Pour Goar Avestisyan, c’est « 10 ans de communication quotidienne, des milliers de publications et des millions d’histoires » qui disparaissent. Helen Yes raconte, elle, « qu’elle ne va pas bien », que « les larmes coulent », et qu’elle va transférer toutes ses activités sur VKontakte, une sorte de « Facebook russe ». L’actrice Anna Kilkevich explique qu’elle va devoir se « réadapter », et le chanteur David Manukyan a, à grand renfort d’emojis en pleurs, dit « adieu Insta », en enjoignant ses fans à le suivre sur Telegram.
Les influenceurs russes ont fait leurs adieux à Instagram ce 14 mars. Ils s’y préparent depuis le vendredi 11 mars : l’annonce de l’interdiction du réseau social fait suite à la décision de Facebook d’autoriser les insultes contre les soldats russes. Cette suspension a généré son lot de larmes et de regrets pour les influenceurs, qui vivent parfois des revenus publicitaires encaissés sur la plateforme. Mais au milieu de l’organisation de leur exode sur d’autres plateformes et des adieux larmoyants, jamais l’Ukraine n’est mentionnée.
De la tristesse et un repli vers Telegram
La fermeture d’Instagram dans le pays s’est décidée très rapidement — et pour la plupart des influenceurs russes, elle ne semble pas encore bien ancrée dans la réalité. La plupart des profils affichent encore des stories, signe qu’ils ont été mis à jour il y a moins de 24h, et leurs dernières publications, mises en ligne juste avant le début de l’interdiction de la plateforme, sont majoritairement des selfies éclatants, ou des photos ensoleillées de leurs dernières vacances. Ce n’est qu’en lisant les descriptions que l’on peut se rendre compte de la situation.

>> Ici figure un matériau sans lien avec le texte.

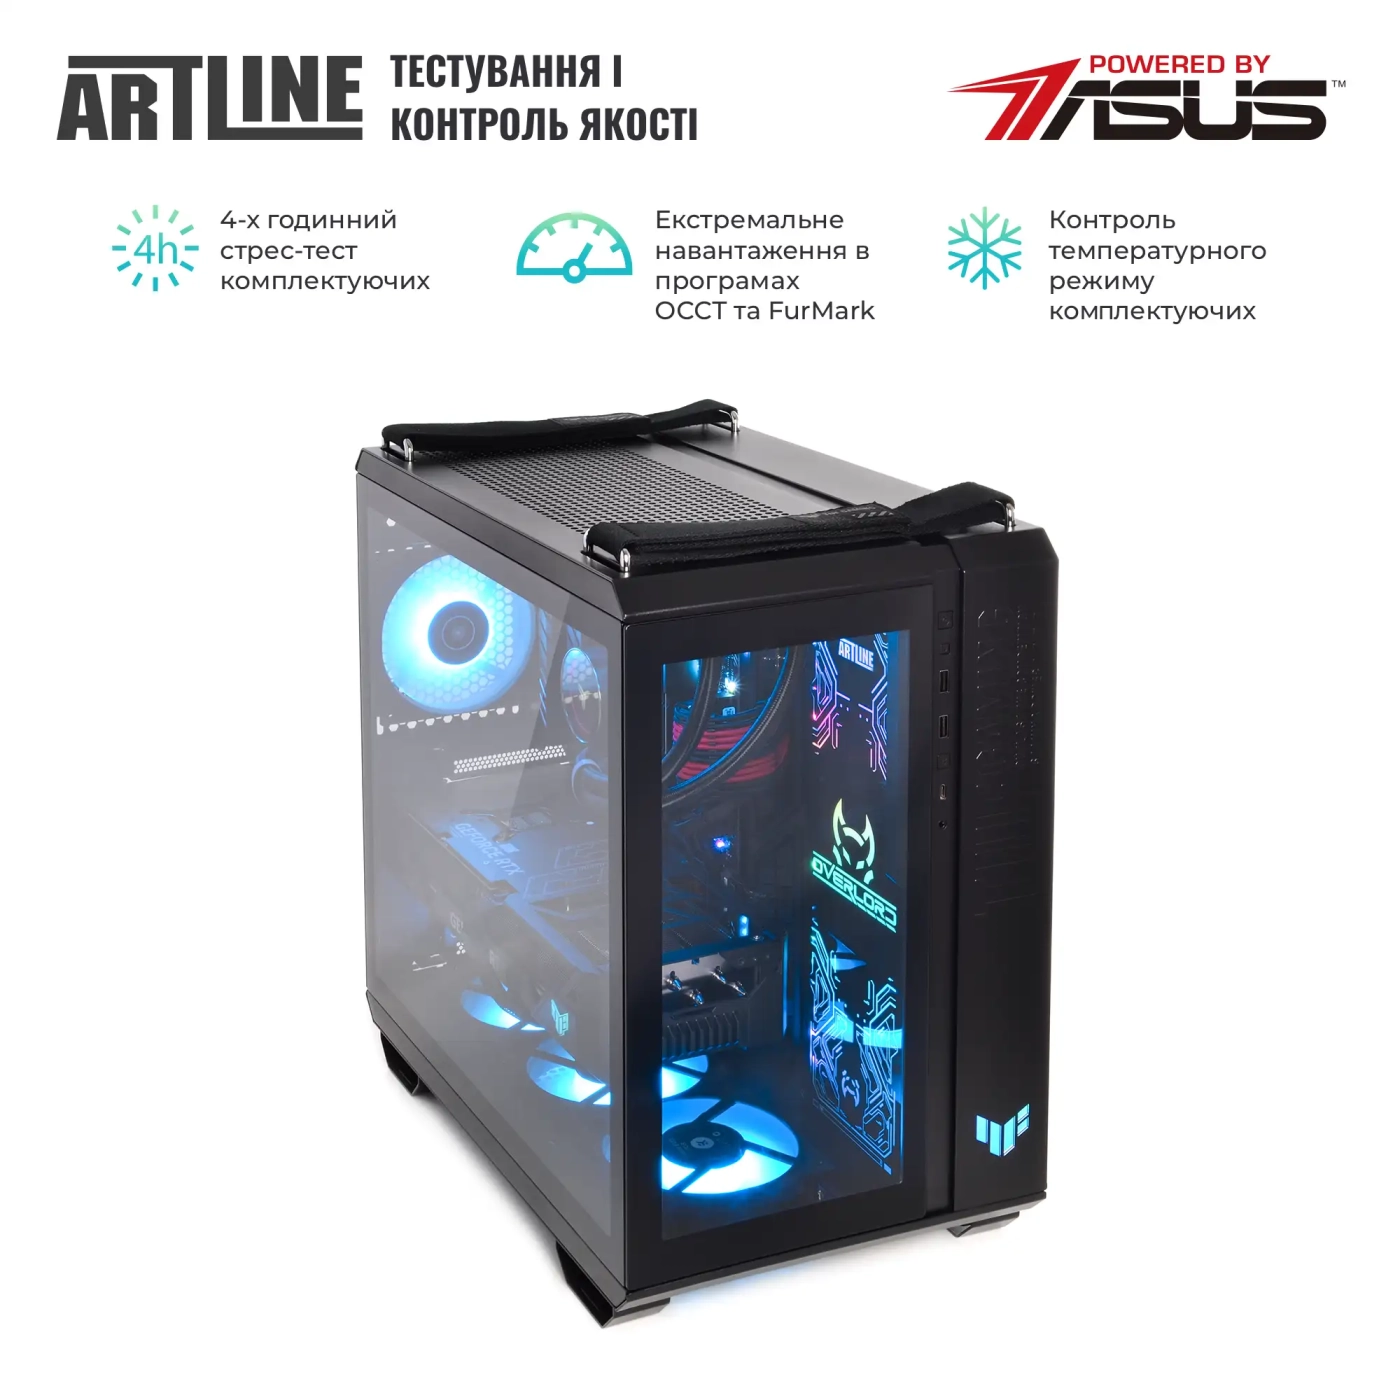 Купить Компьютер ARTLINE Gaming GT502v29 - фото 9
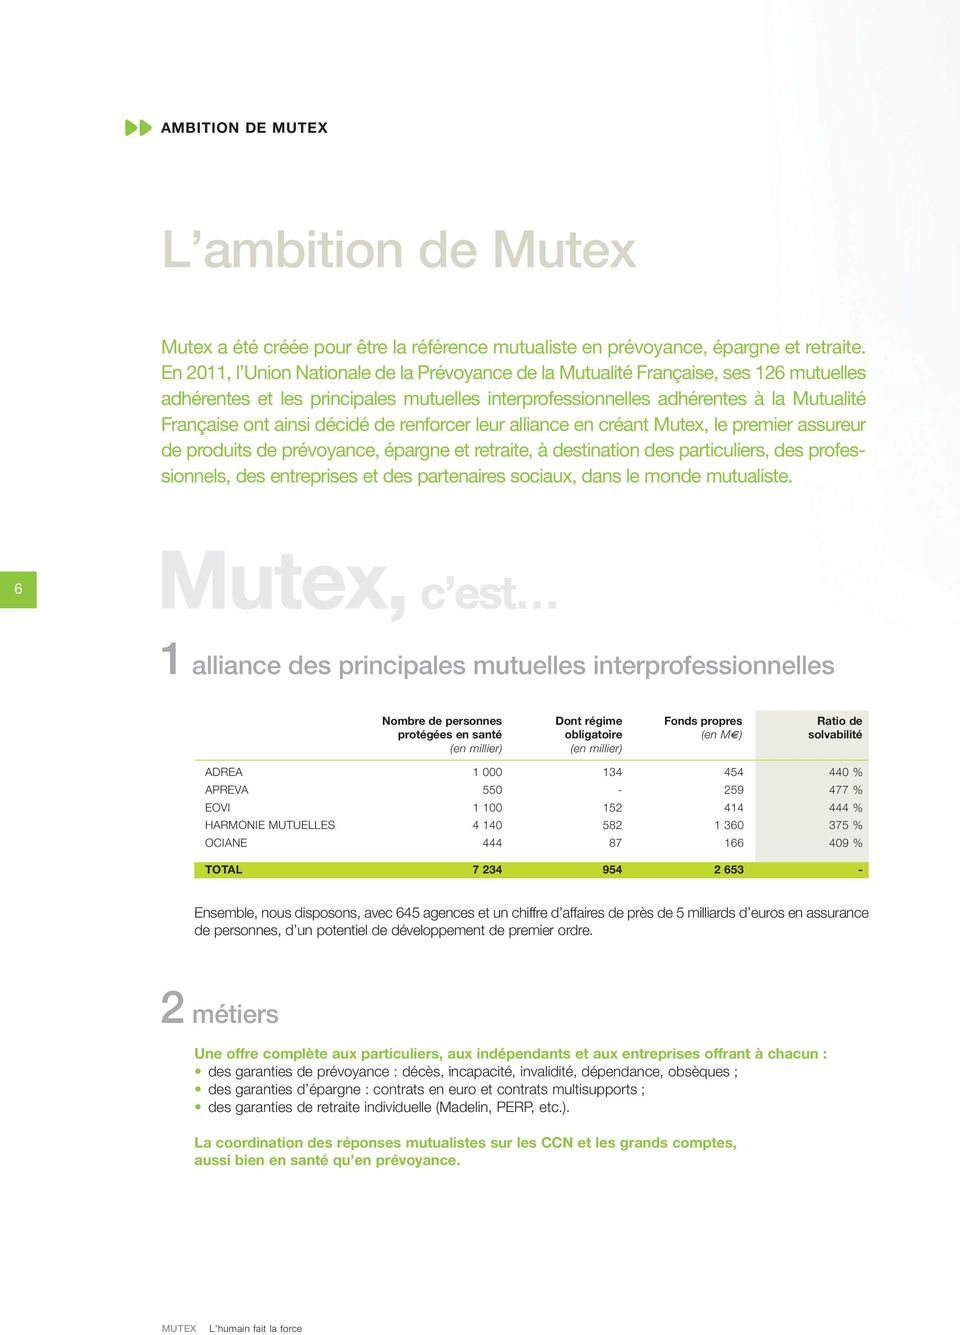 décidé de renforcer leur alliance en créant Mutex, le premier assureur de produits de prévoyance, épargne et retraite, à destination des particuliers, des professionnels, des entreprises et des

Ils sont aussi nombreux à penser que l’interdiction n’est qu’un mauvais moment à passer. Les messages appelant à « rester un gang », et à « toujours échanger et discuter » sont légion, tout comme ceux renvoyant vers leurs nouveaux comptes, sur les réseaux sociaux acceptés par le Kremlin. Les solutions de repli sont en grande majorité VKontakte, le Facebook russe, l’app de messagerie Telegram, dont le fondateur est Russe, ou encore Odnoklassniki, une sorte de Copain d’Avant longtemps tombé en désuétude et à nouveau mis en avant par le service des communications.
Mais peu importe le site de repli choisi : pour l’instant, la migration des fans semble être très poussive. Helen Yes, forte de 10 millions de fans sur Instagram, en compte moins de 100 000 sur VKontakte. Pour le chanteur Egorkreed, qui compte plus de 14 millions de followers sur la plateforme, la baisse est tout aussi brutale, avec seulement 390 000 abonnés à sa chaîne Telegram. Mais sur ces nouveaux réseaux comme sur les anciens, la guerre en Ukraine n’est jamais mentionnée.
Rares sont les personnes qui osent parler de l’Ukraine
L’Ukraine et la guerre sont les deux grandes oubliées de tous les posts des influenceurs russes. De toutes les publications que Numerama a consultées, aucune ne parlait des combats en cours dans le pays. En dehors de rapides allusions aux sanctions économiques et de déclarations patriotiques, le sujet est absolument tabou.
Les seules traces du conflit que Numerama a pu trouver sont quelques commentaires affichant un drapeau ukrainien, ou encore souhaitant de la « force à l’Ukraine ». La seule véritable exception vient de la chanteuse ukrainienne Vera Brezhneva, installée en Russie, et suivie par 12,4 millions de personnes — elle est la seule à avoir ouvertement appelé à soutenir son pays.
Le silence autour de l’Ukraine n’est pas étonnant : Vladimir Poutine a voté, peu de temps après le début de l’invasion, une loi condamnant toute « information mensongère » sur l’armée. Outre une très forte censure appliquée aux médias, cette loi vise également les civils, qui peuvent être punis de 15 ans de prison.
Une enquête de Vice a notamment permis de révéler que le Kremlin avait payé un grand nombre de Tiktokeurs pour publier des vidéos de propagande en faveur de la guerre en Ukraine. Ces influenceurs, dont certains comptaient près de 500 000 abonnés, devaient promouvoir le discours du gouvernement, notamment l’existence d’un « génocide » exercé contre les minorités russophones dans la région ukrainienne du Donbass. Le fait que les principaux influenceurs russes, dont la popularité est largement supérieure à celle des Tiktokeur, n’aient pas participé à la campagne de propagande n’est pas anodin.